--- DATA SEGMENT ---
***

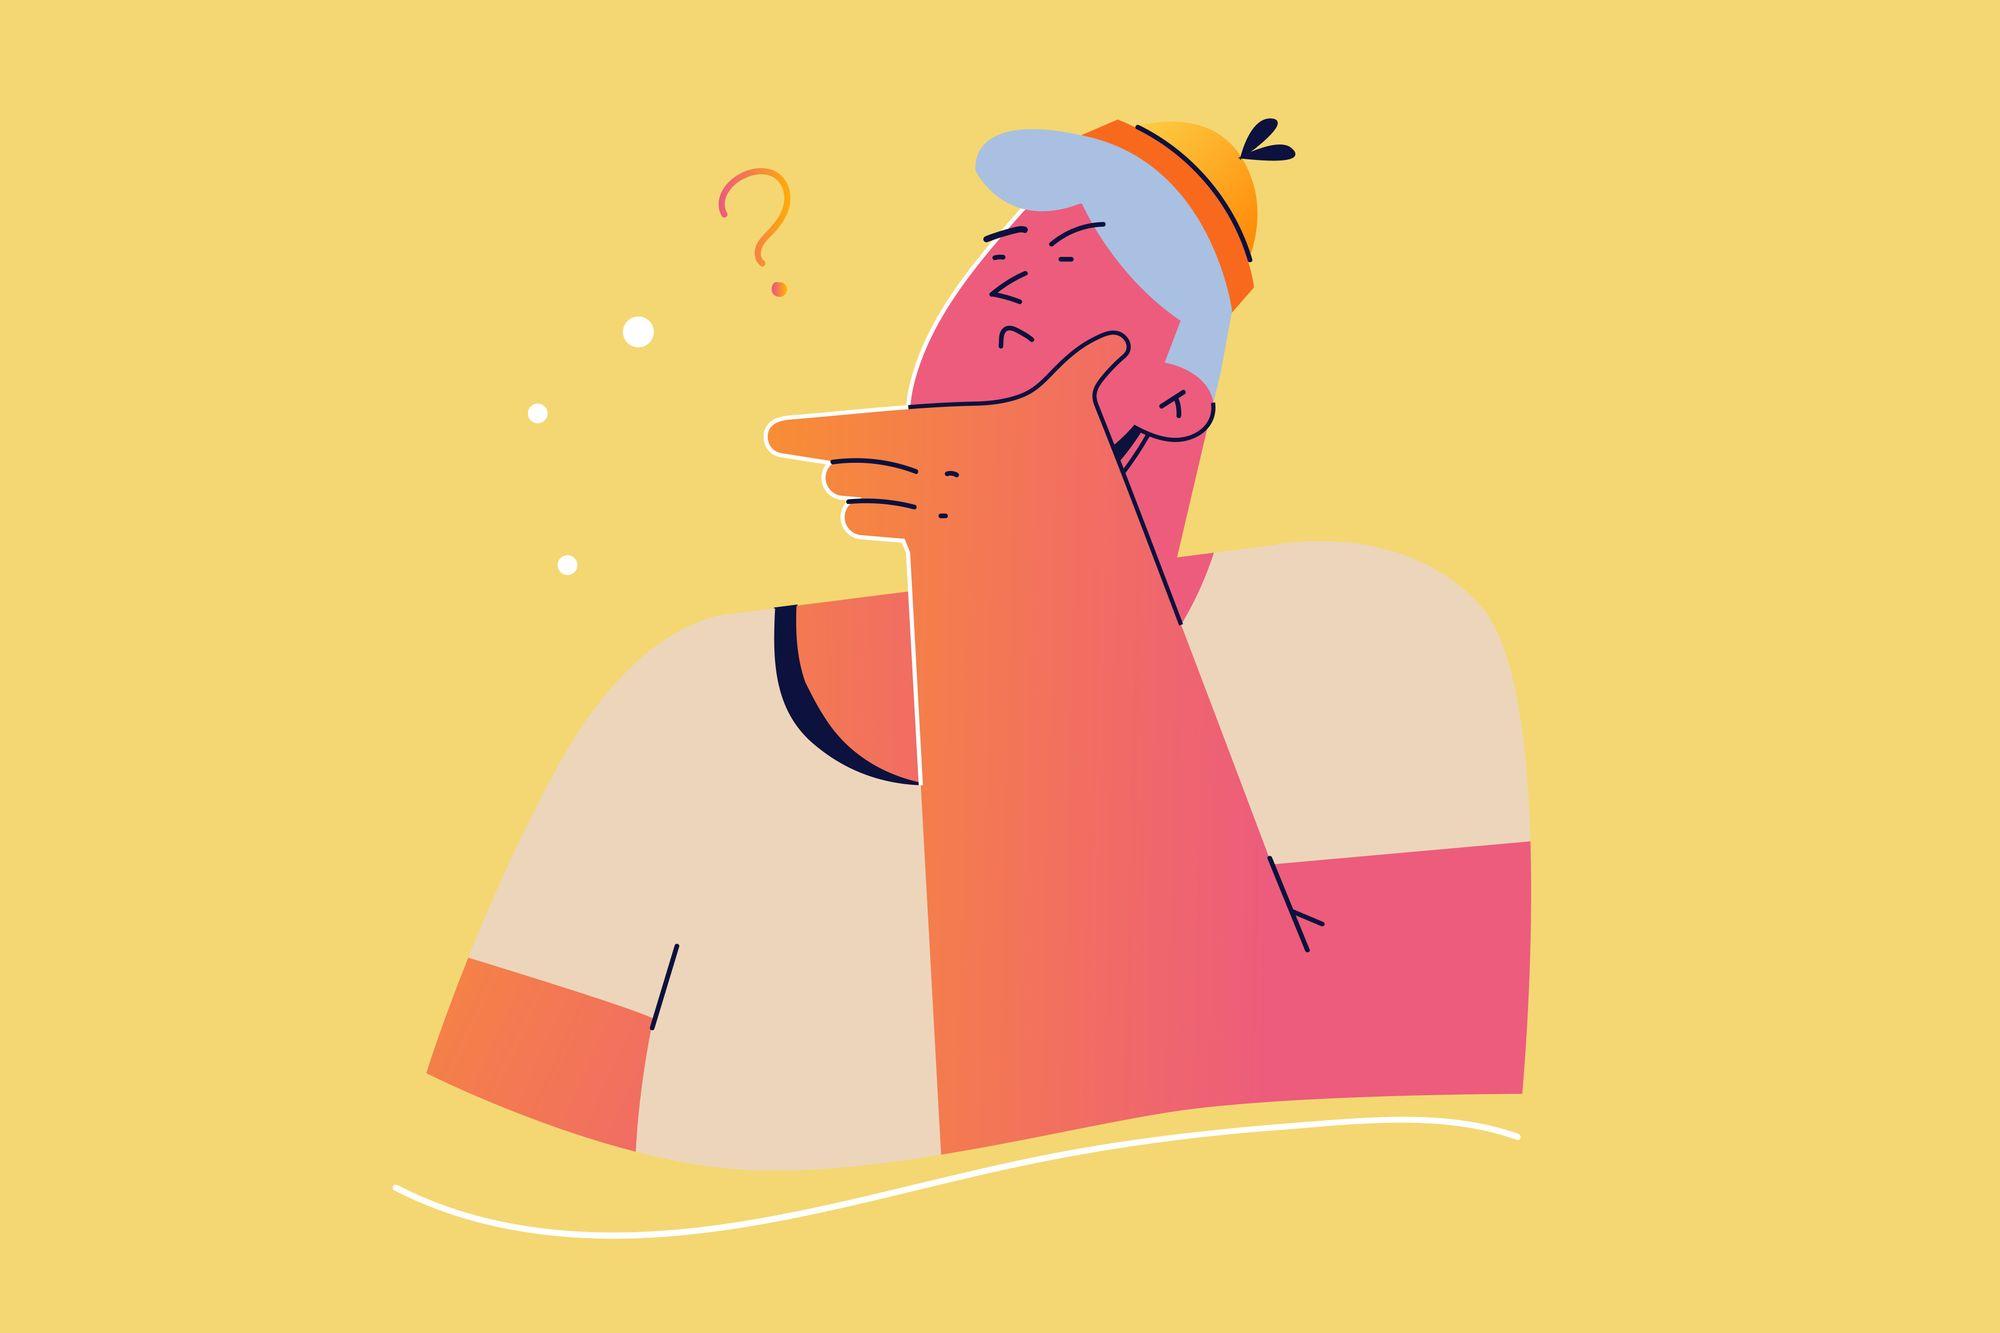 Alimentação pode turbinar a memória. (Reprodução/Freepik)
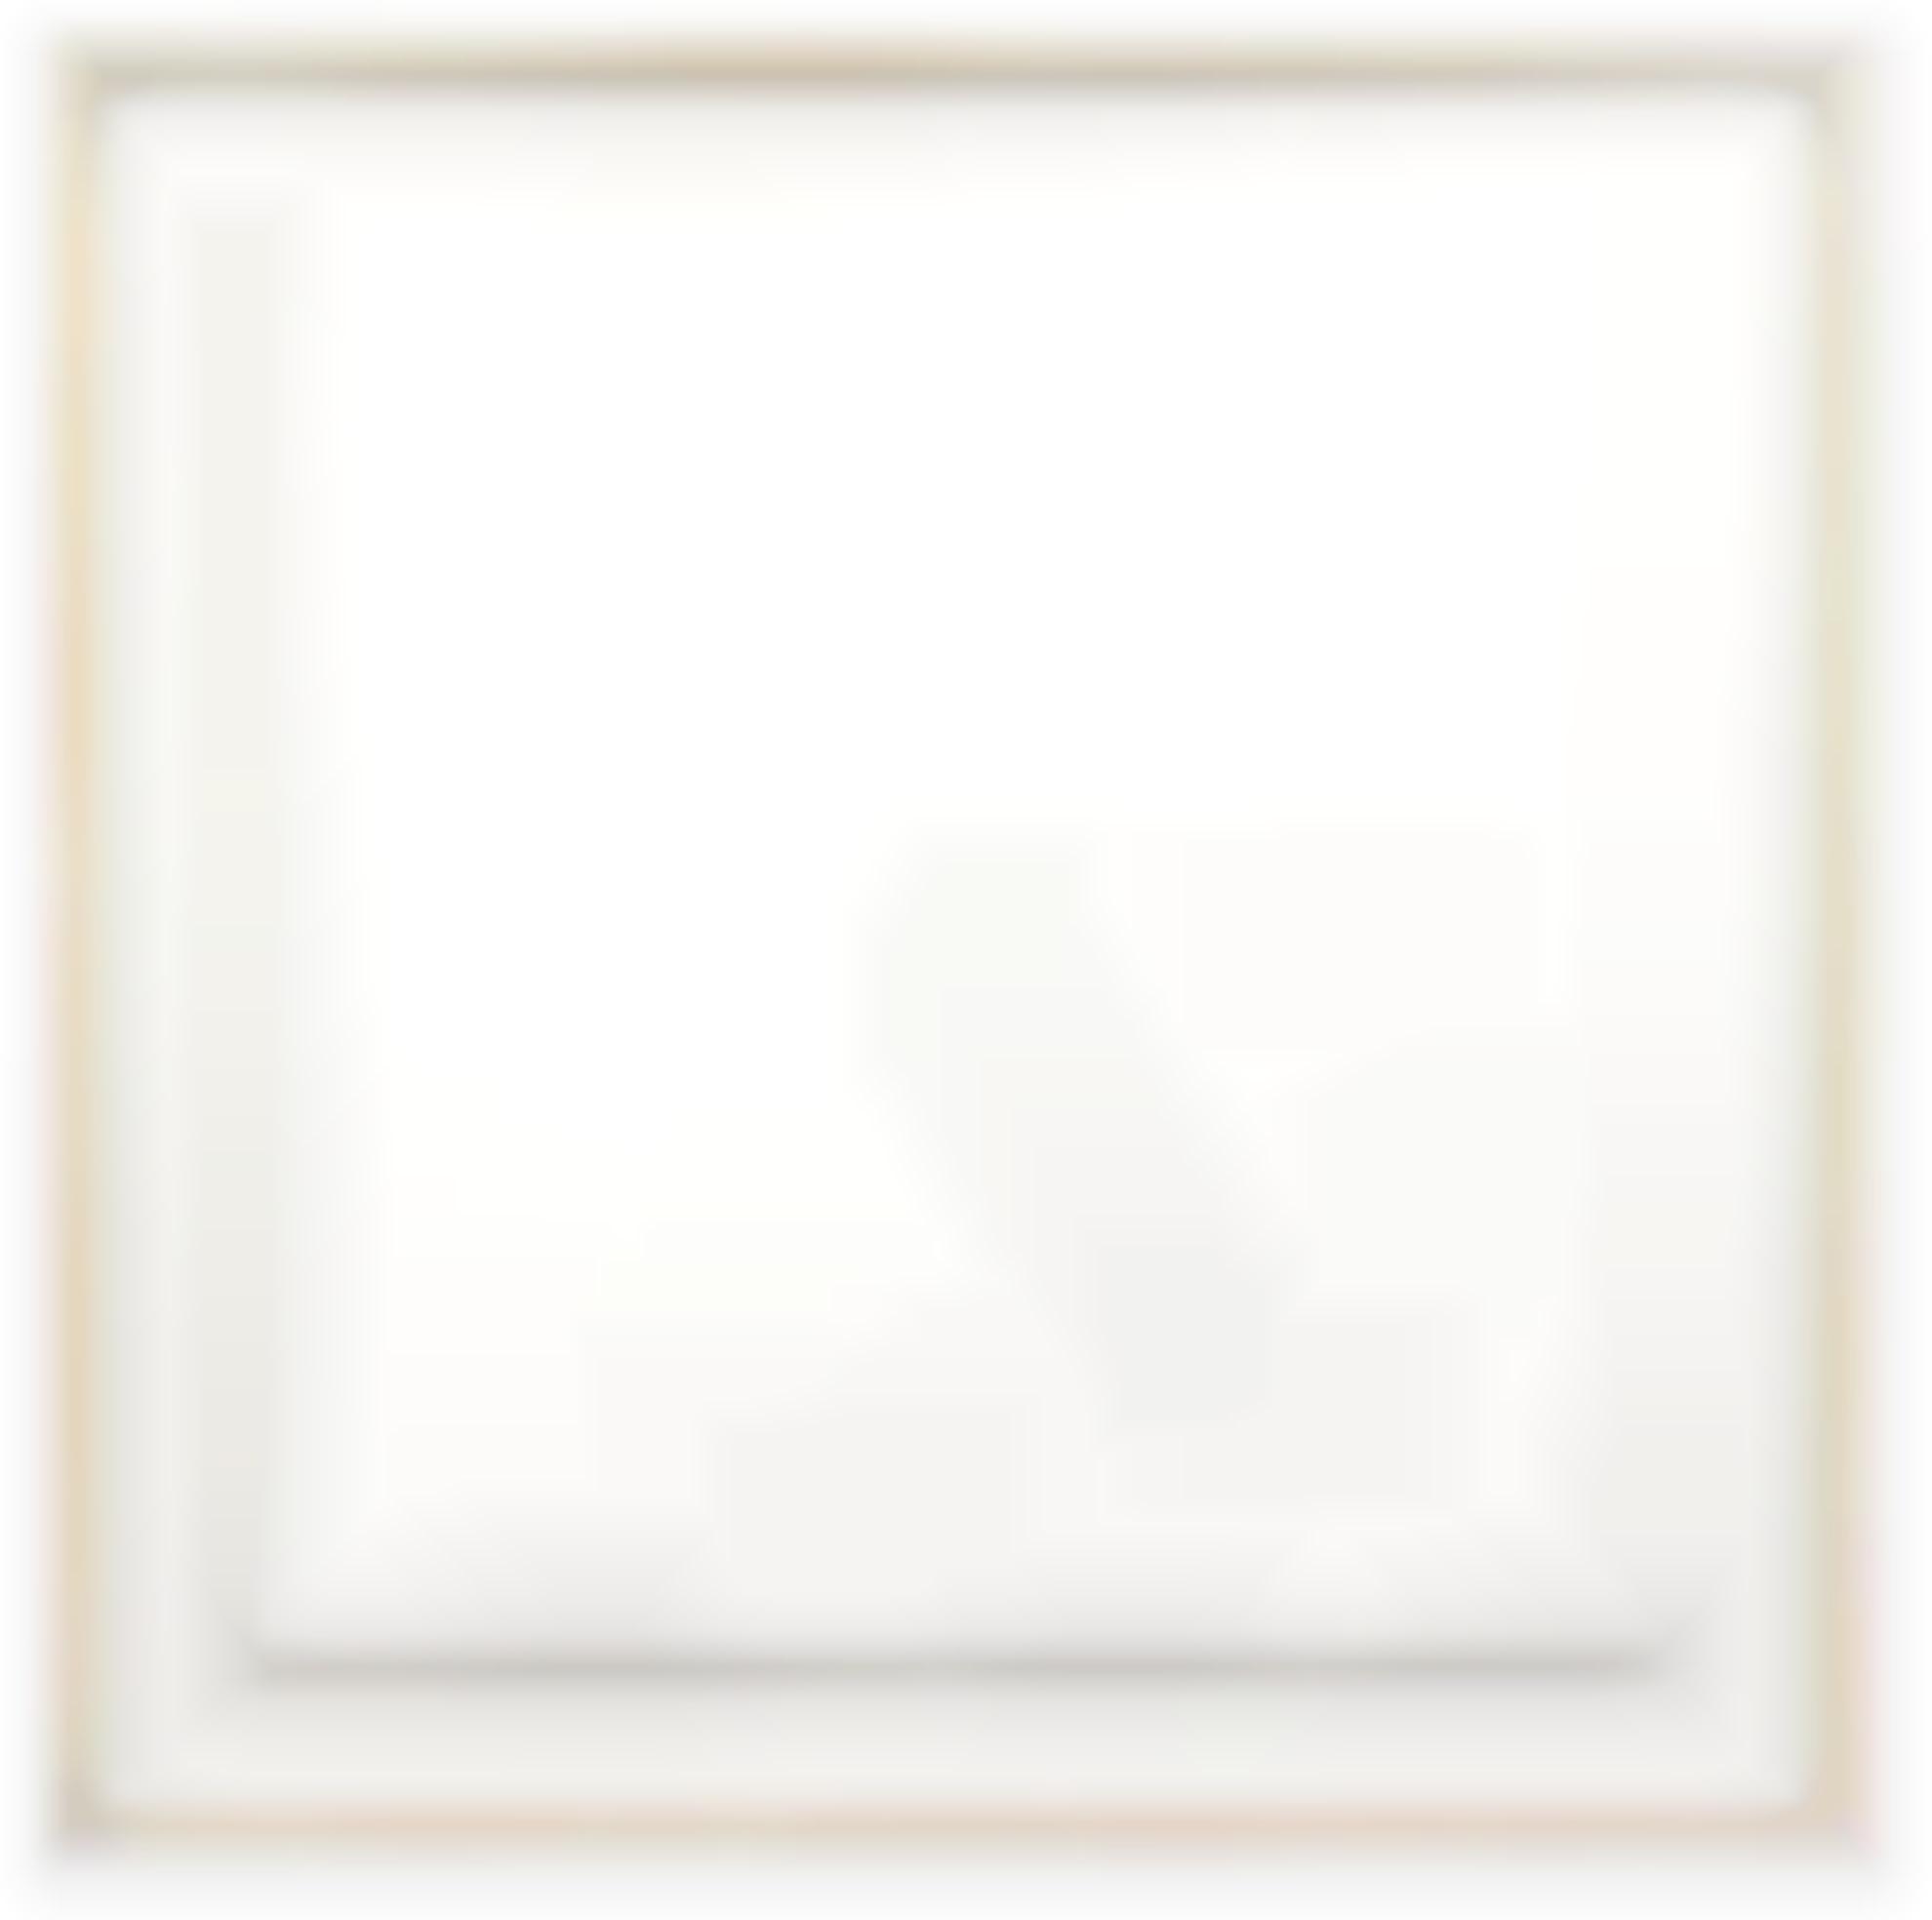 Francois Morellet-Angle Pliage 120°, Angle Mediane 60°-1977
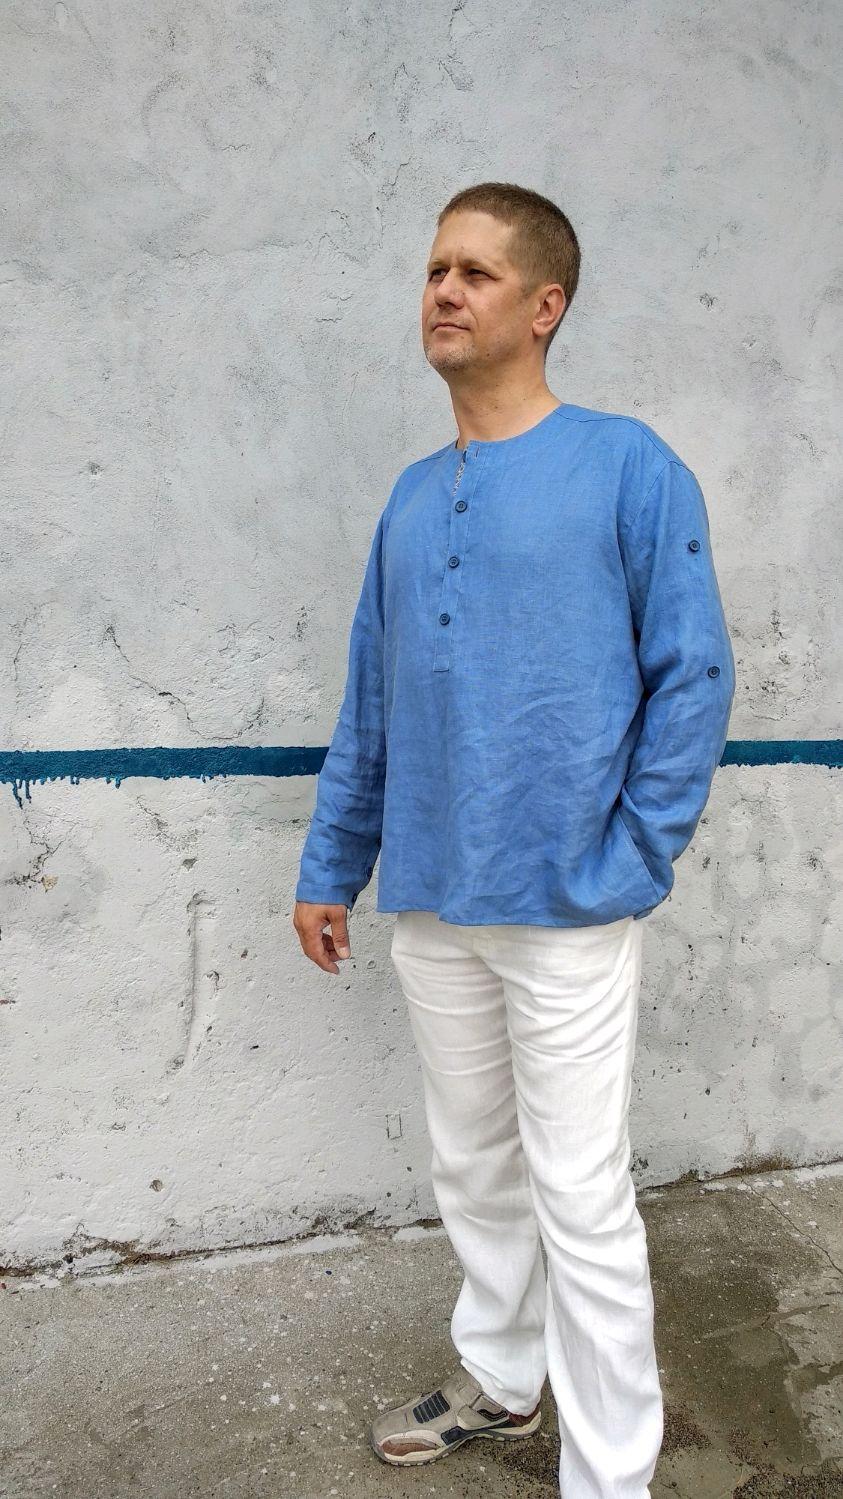 Мужская рубашка из льна без воротника с длинным рукавом, Рубашки мужские, Новороссийск,  Фото №1
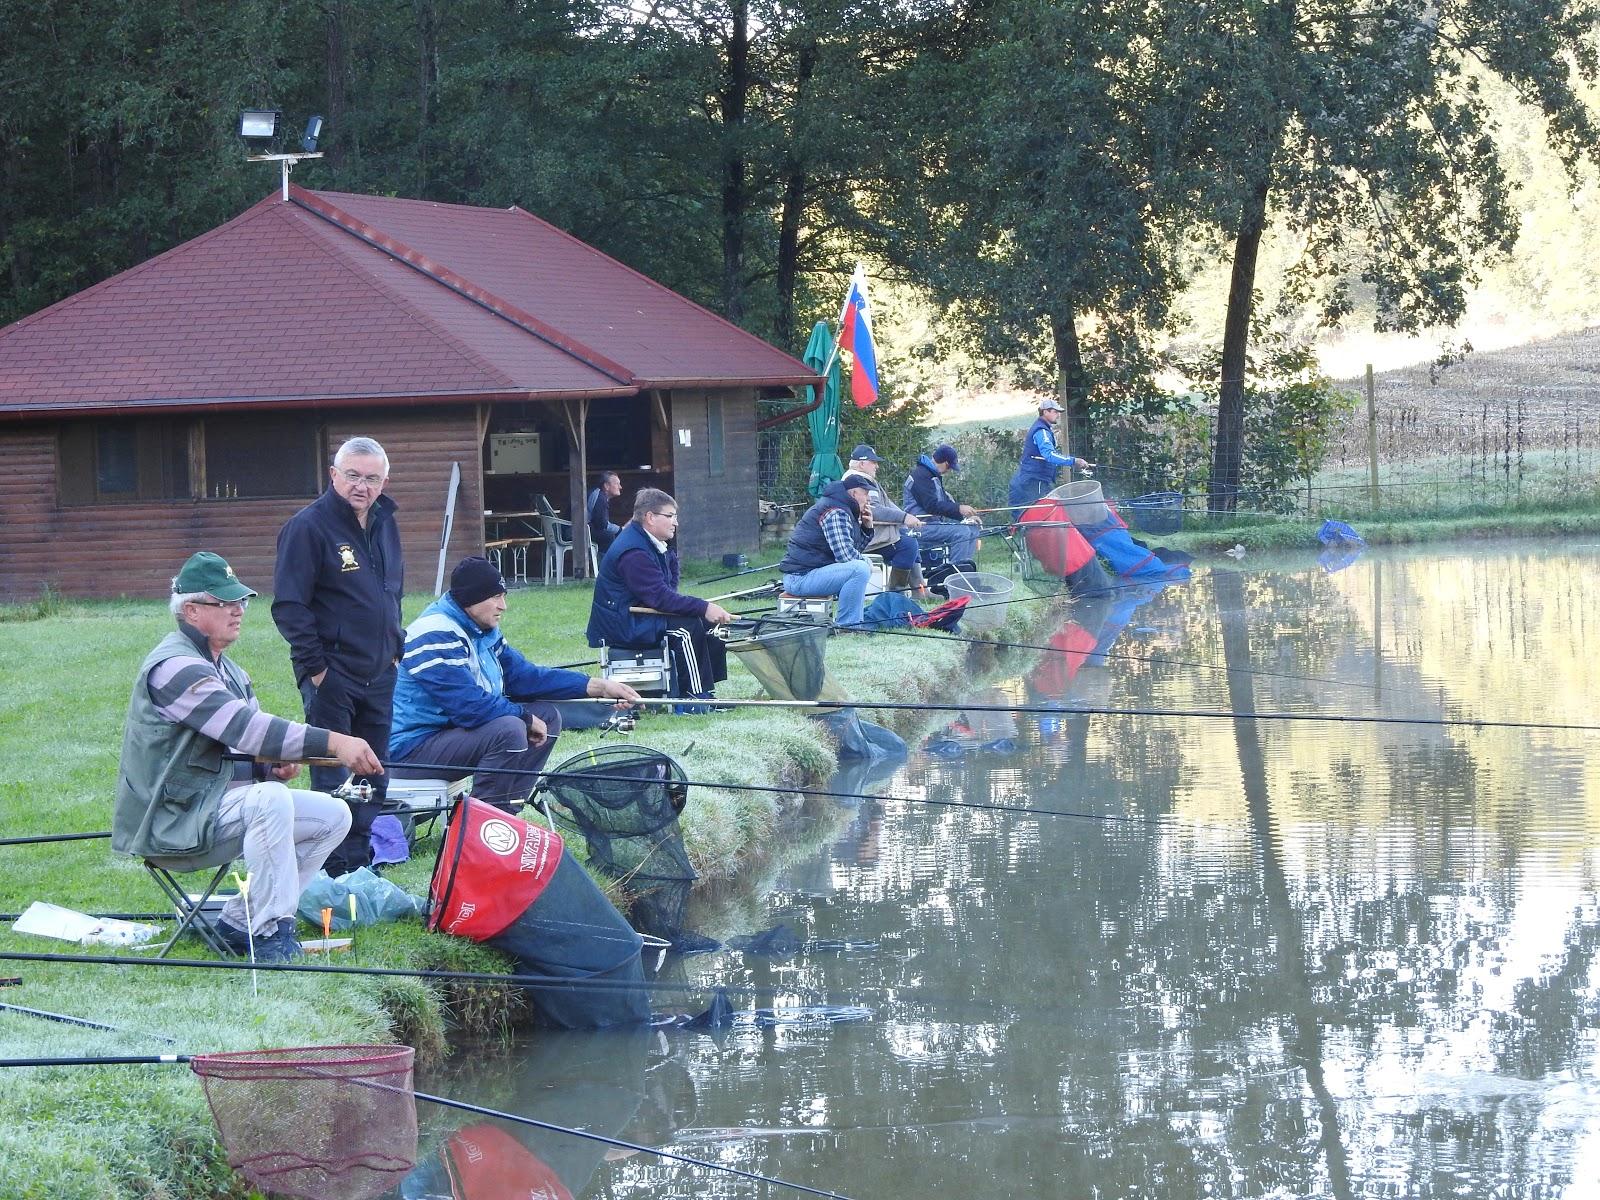 Ribiško tekmovanje OZVVS Gornja Radgona v Lastomercih, 7. oktobra 2017

***

--- EXERCISE ---
Transcribe the listing exactly, skipping pictures.

--- ANSWER TO THE EXERCISE ---
 Alimentação pode turbinar a memória. (Reprodução/Freepik)
 Francois Morellet-Angle Pliage 120°, Angle Mediane 60°-1977
 Мужская рубашка из льна без воротника с длинным рукавом, Рубашки мужские, Новороссийск,  Фото №1
 Ribiško tekmovanje OZVVS Gornja Radgona v Lastomercih, 7. oktobra 2017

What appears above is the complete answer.